The results seem to yield mild but consistent gains, especially on point clouds or low res images.
The reported results are severely lacking in statistical significance. For all trend figures and tables the authors should (at the very least) report average and std/err over three or more seeds. Because of the mild improvements in some cases, and the lack of multi-run statistics, it is hard to judge significance.
The results are limited to mostly low-resolution experiments, and there seems to be a negative correlation in Table 1 between FID improvements and scale.
1. It is hard to judge the significance of the reported results due to the lack of reported statistics over multiple runs. Can you report mean+std error for each of the metric figure/tables in the paper?

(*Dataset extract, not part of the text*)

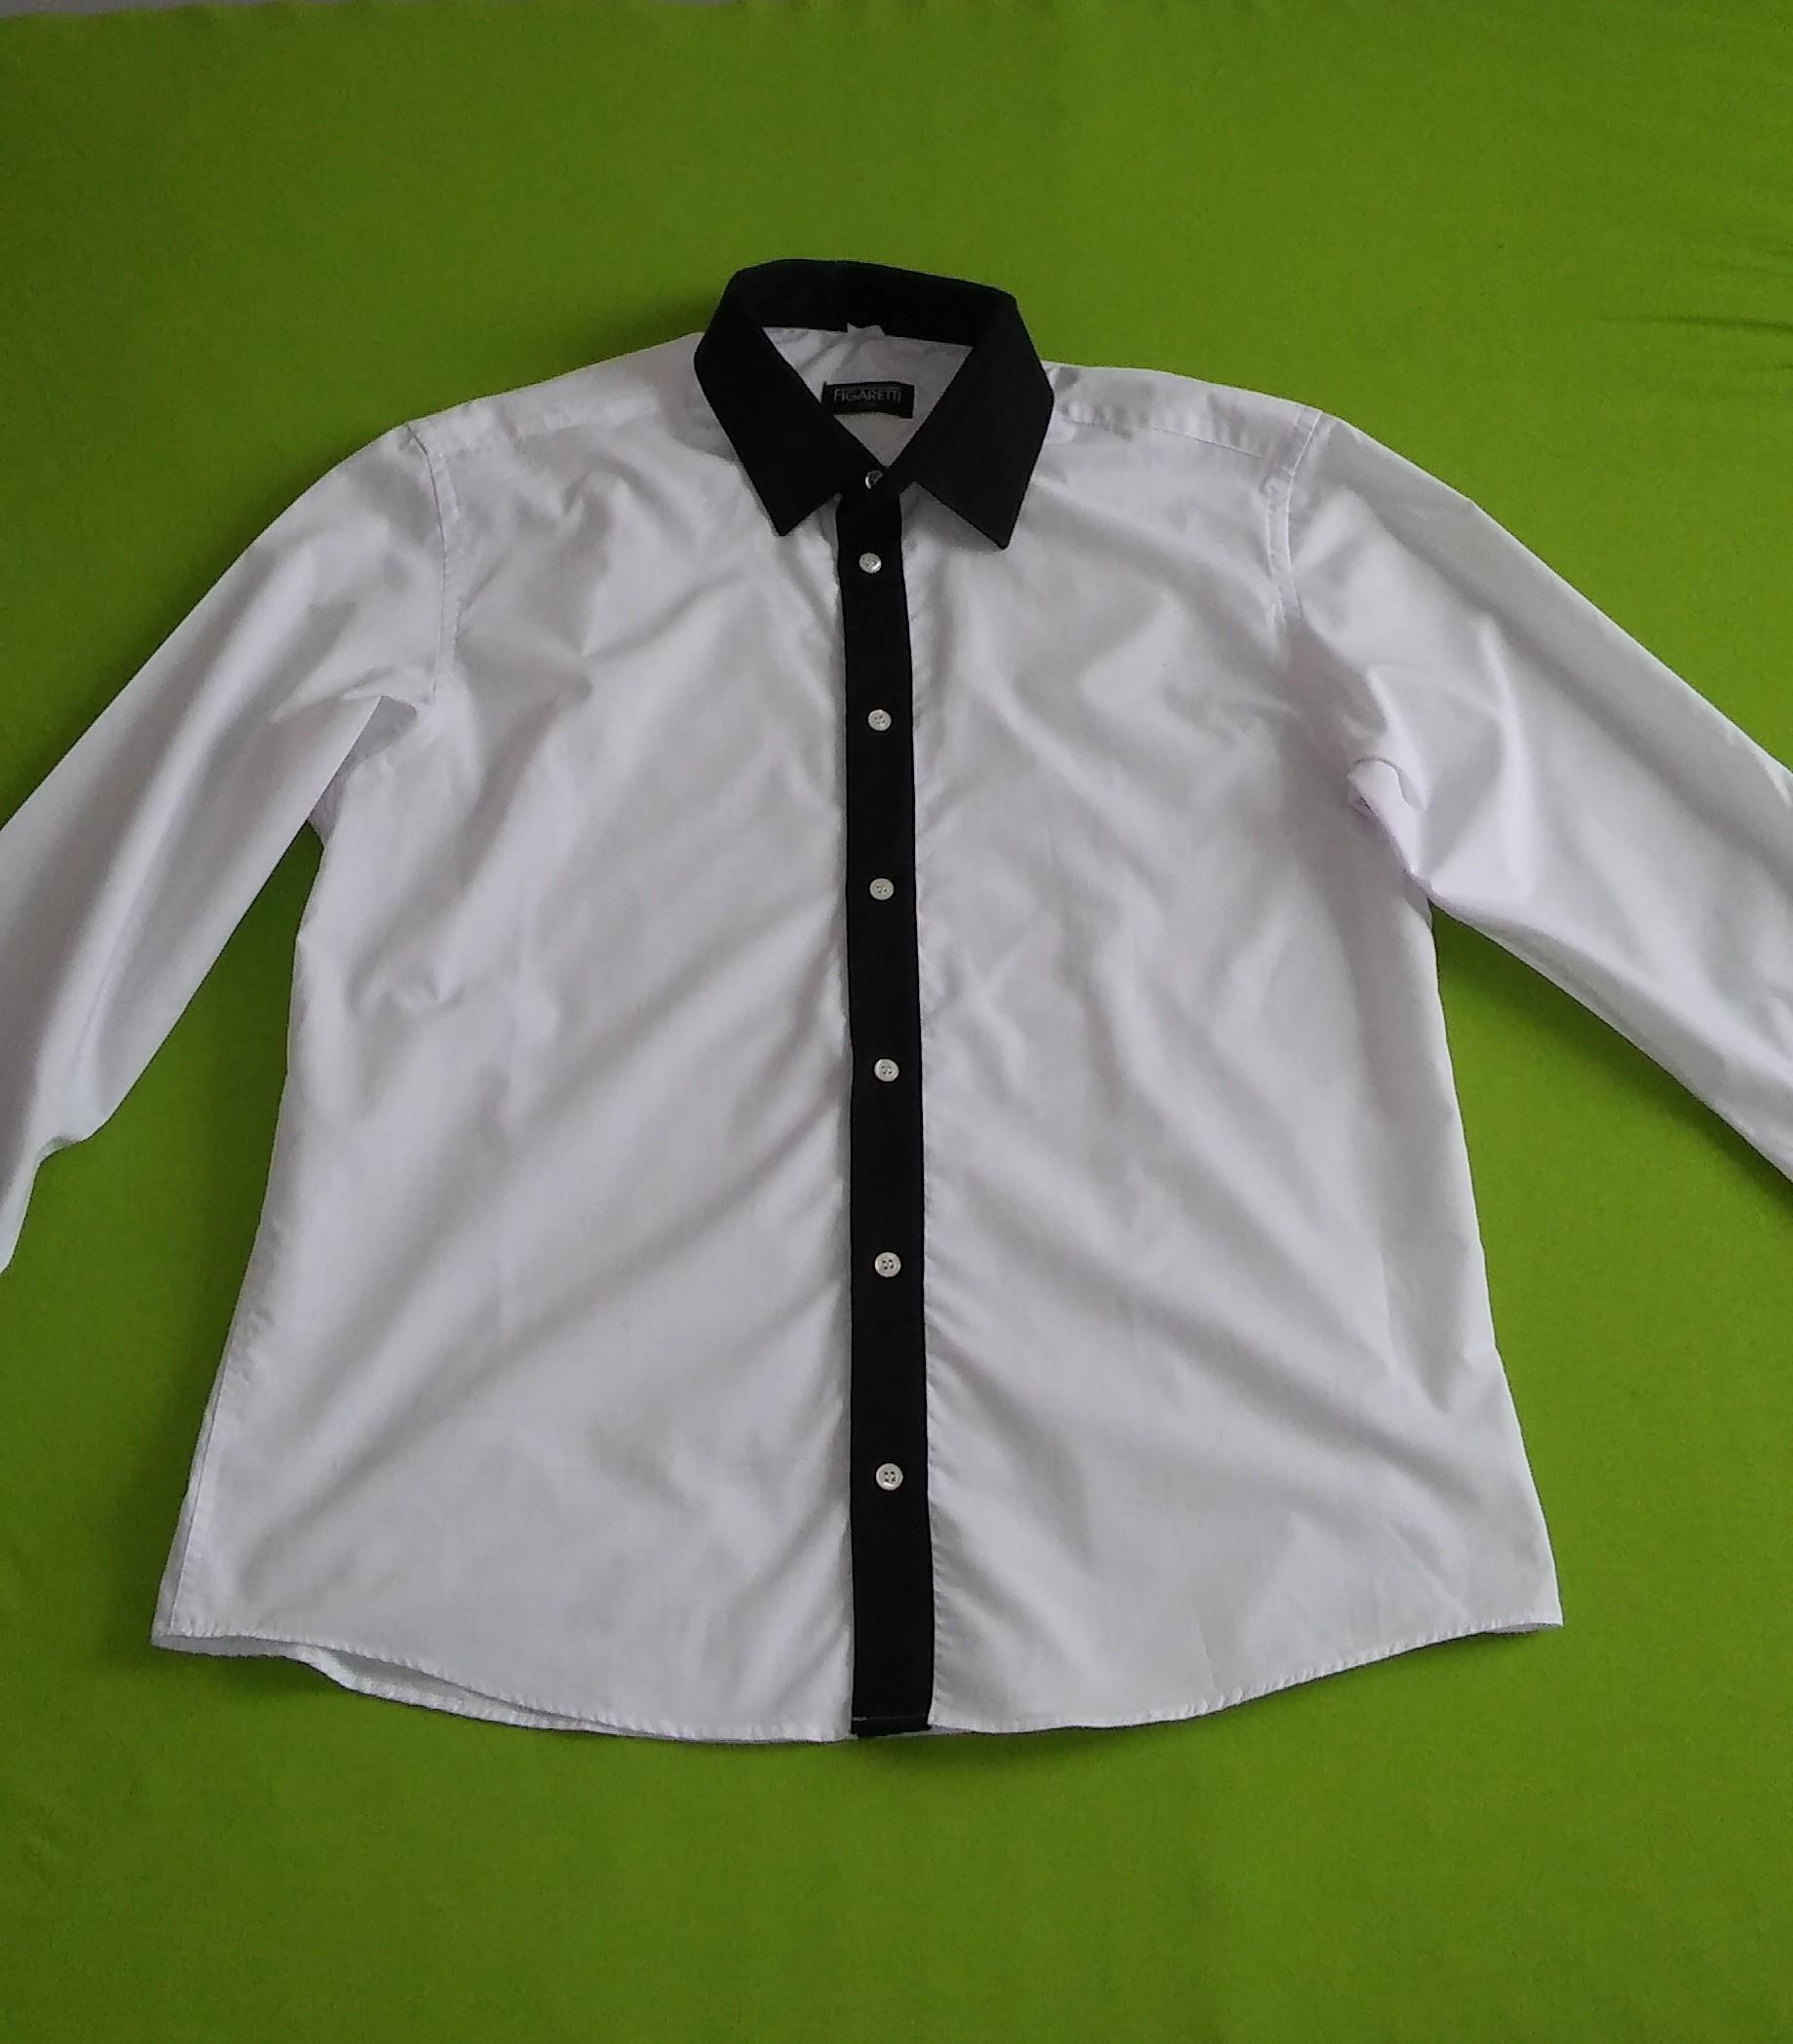 2d83f37c0b25e Koszula męska Figaretti elegancka XL 176/182 - 7350333245 ...

2. It would be worthwhile to understand the reason behind the diminishing FID improvements in table 1. Are these due to scale, or perhaps working with latents on ImageNet? Statistics over multiple runs could also help here, as well as additional latent diffusion experiments time allowing. |
Fully human-written |
|
Revisiting Spectral Representations in Generative Diffusion Models |
Soundness: 3: good
Presentation: 2: fair
Contribution: 2: fair
Rating: 2: reject
Confidence: 4: You are confident in your assessment, but not absolutely certain. It is unlikely, but not impossible, that you did not understand some parts of the submission or that you are unfamiliar with some pieces of related work. |
This paper explores the intrinsic link between self-supervised Spectral Representation Learning (SRL) and Diffusion Models through the shared lens of time-dependent perturbation kernels. The authors propose a novel self-supervised spectral regularization loss to align the intermediate representations of the diffusion network, successfully avoiding the need for external pre-trained encoders. Empirical results consistently demonstrate that the proposed method significantly enhances the performance across both image and 3D point cloud synthesis tasks.
- The method offers a novel and versatile self-supervised regularization, requiring no external pre-trained encoder.
- The proposed method is applicable across multiple modalities and resolutions.
- Solid theoretical analysis connects the spectral loss to the mode-seeking dynamics of score distillation.
- Sensitivity analysis for the critical regularization hyperparameter $\lambda$ is insufficient.
- There lacks a discussion of the specific intermediate hidden layer for alignment.
- The improvements in FID scores, while consistent, are relatively modest.
1. **Ablation on simplest contrastive loss.** Despite sufficient motivation explanations and theoretical analysis, practically, I believe the proposed SRL factually acts like a consistent loss across different perturbation levels. A similar line of this work is to use the simplest contrastive loss (w/ or w/o negative samples) to align the intermediate features across different noises. Could the authors provide an ablation study on this simplest contrastive loss to compare with the proposed SRL, to better justify the effectiveness of SRL?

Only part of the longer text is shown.